U.S. v. Mendoza-Medina

Citation346 F.3d 121
Decision Date10 September 2003
Docket NumberNo. 02-40978.,02-40978.
PartiesUNITED STATES of America, Plaintiff-Appellee, v. Juan Arturo MENDOZA-MEDINA, Defendant-Appellant.
CourtU.S. Court of Appeals — Fifth Circuit

James Lee Turner, Asst. U.S. Atty. (argued), Houston, TX, for Plaintiff-Appellee.

Roland E. Dahlin, II, Fed. Pub. Def., Molly E. Odom (argued), Houston, TX, for Defendant-Appellant.

Appeal from the United States District Court for the Southern District of Texas.

Before KING, Chief Judge, and HIGGINBOTHAM and BARKSDALE, Circuit Judges.

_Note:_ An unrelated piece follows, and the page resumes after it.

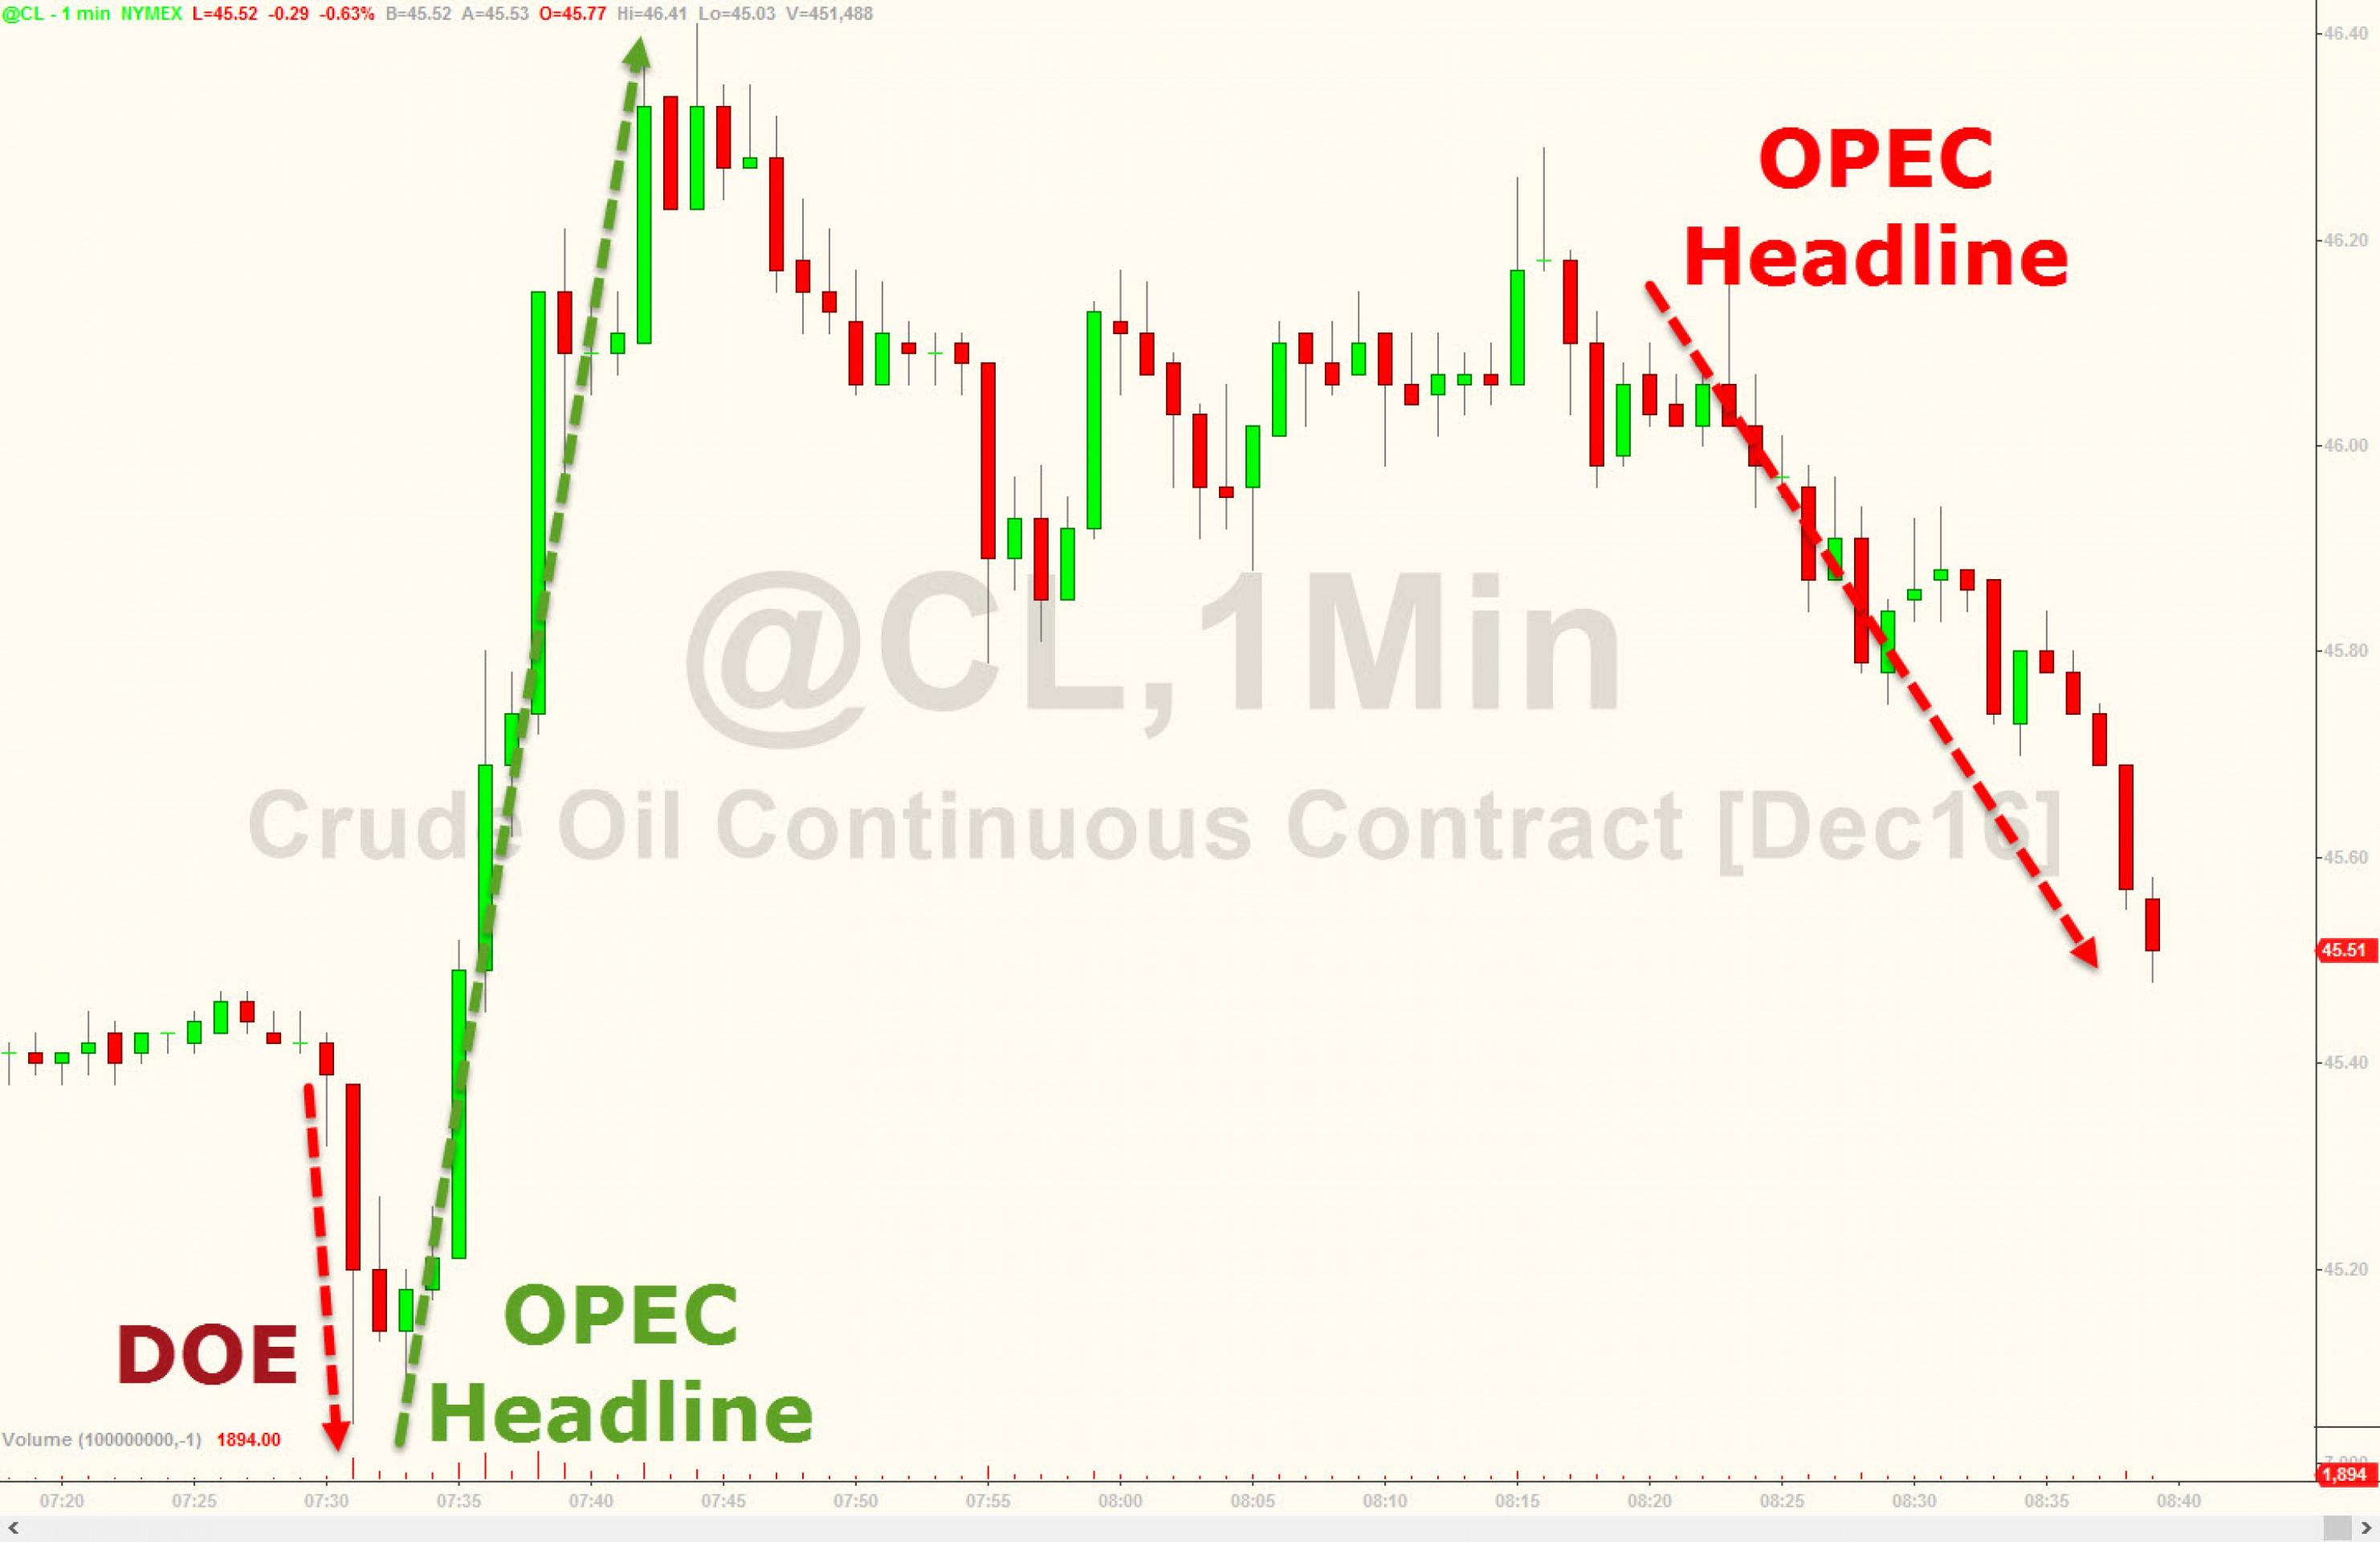 Нигерия, Ирак и Иран пропустят встречу ОПЕК
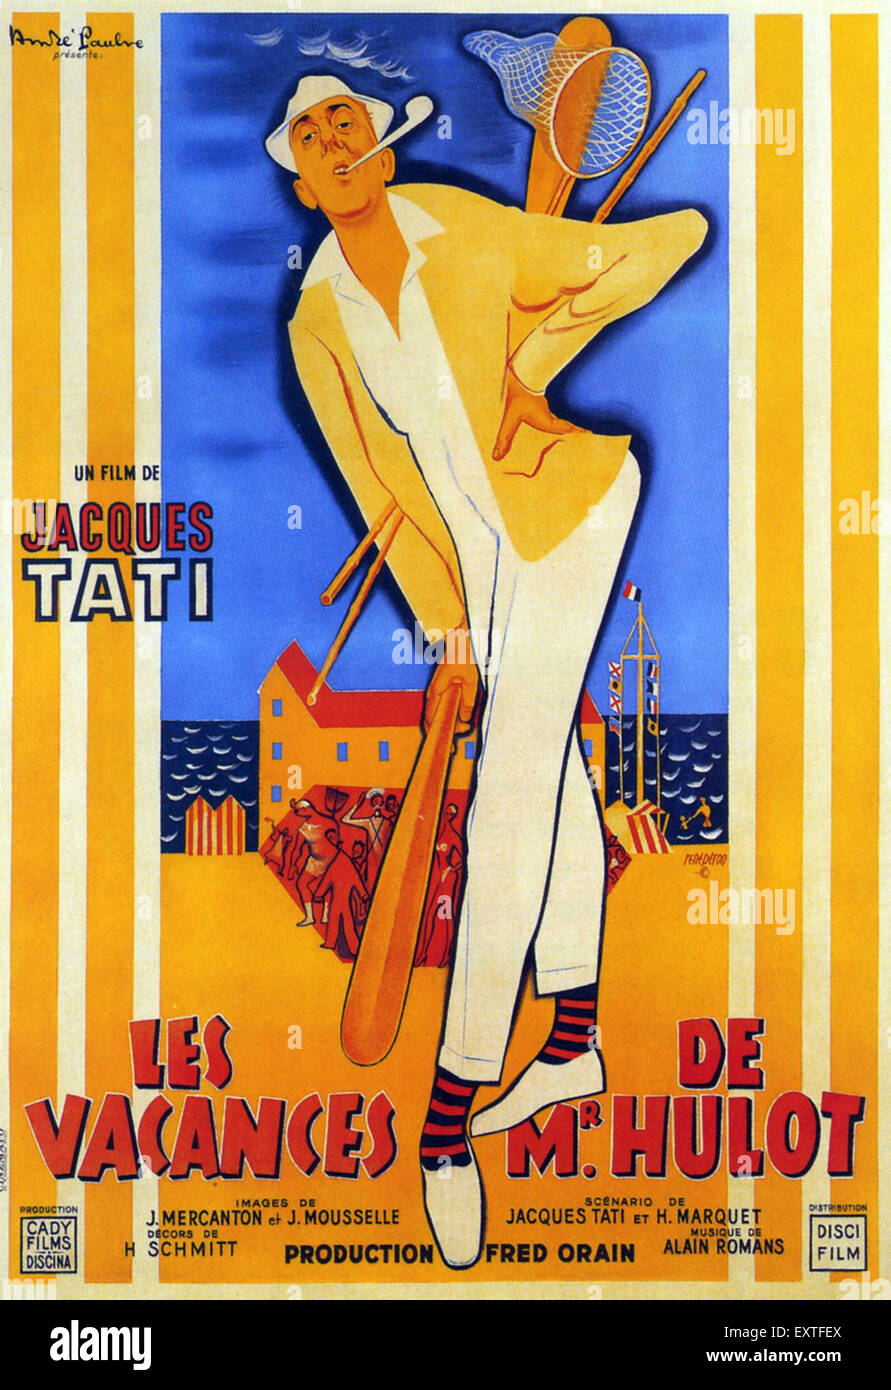 1950s france les vacances de monsieur hulot film poster stock photo royalty free image. Black Bedroom Furniture Sets. Home Design Ideas

PATRICK E. HIGGINBOTHAM, Circuit Judge:

Juan Arturo Mendoza-Medina appeals his convictions for conspiracy to possess and possession with intent to distribute more than fifty kilograms of marijuana.1 We affirm the judgment of conviction, finding that any error in the district court's charge to the jury on deliberate indifference was harmless and that the court's admission of hearsay evidence was not plain error. We also conclude that although the trial court erred in admitting the opinion testimony of a government agent, on the facts of this case this abuse of the use of a "background" witness was not reversible error. We pause to caution that it is time for our able trial judges to rein in this practice. The offering of this "expert" was not background for the jury — a jury is ordinarily blessed with a common sense well tuned by life in this age. Rather, excessive use of this "expert" testimony comes unacceptably close to the use of evidentiary profiles.

I

A grand jury indicted Mendoza-Medina on January 8, 2002, on two counts: conspiracy to possess with intent to distribute more than fifty kilograms of marijuana, a violation of 21 U.S.C. § 846; and possession with intent to distribute more than fifty kilograms of marijuana in violation of 21 U.S.C. § 841(a)(1). Mendoza-Medina's first trial ended in a mistrial — eleven jurors finding him guilty, one juror when polled answered "not sure." The case was retried.

At the second trial, Senior Border Patrol Agent Mario Rebolledo testified that he and his drug detecting dog, "Rudy," were working in the Laredo Border Patrol checkpoint on December 21, 2001, when Rudy alerted to a tractor-trailer driven by Mendoza-Medina. Agents directed the truck to a secondary inspection point. After obtaining the keys from Mendoza-Medina, agents placed Rudy in the trailer, where he alerted to a group of boxes. Agents found marijuana in the boxes. They arrested Mendoza-Medina and escorted him to the checkpoint trailer. Mendoza-Medina's wife and children remained in the cab.

Agents advised Mendoza-Medina of his rights and placed him in a holding cell in the trailer. He waived his right to remain silent and agreed to an interview. He told Rebolledo that neither he nor his wife had anything to do with the substance found in the boxes. He also declared he was willing to talk about the people who hired him.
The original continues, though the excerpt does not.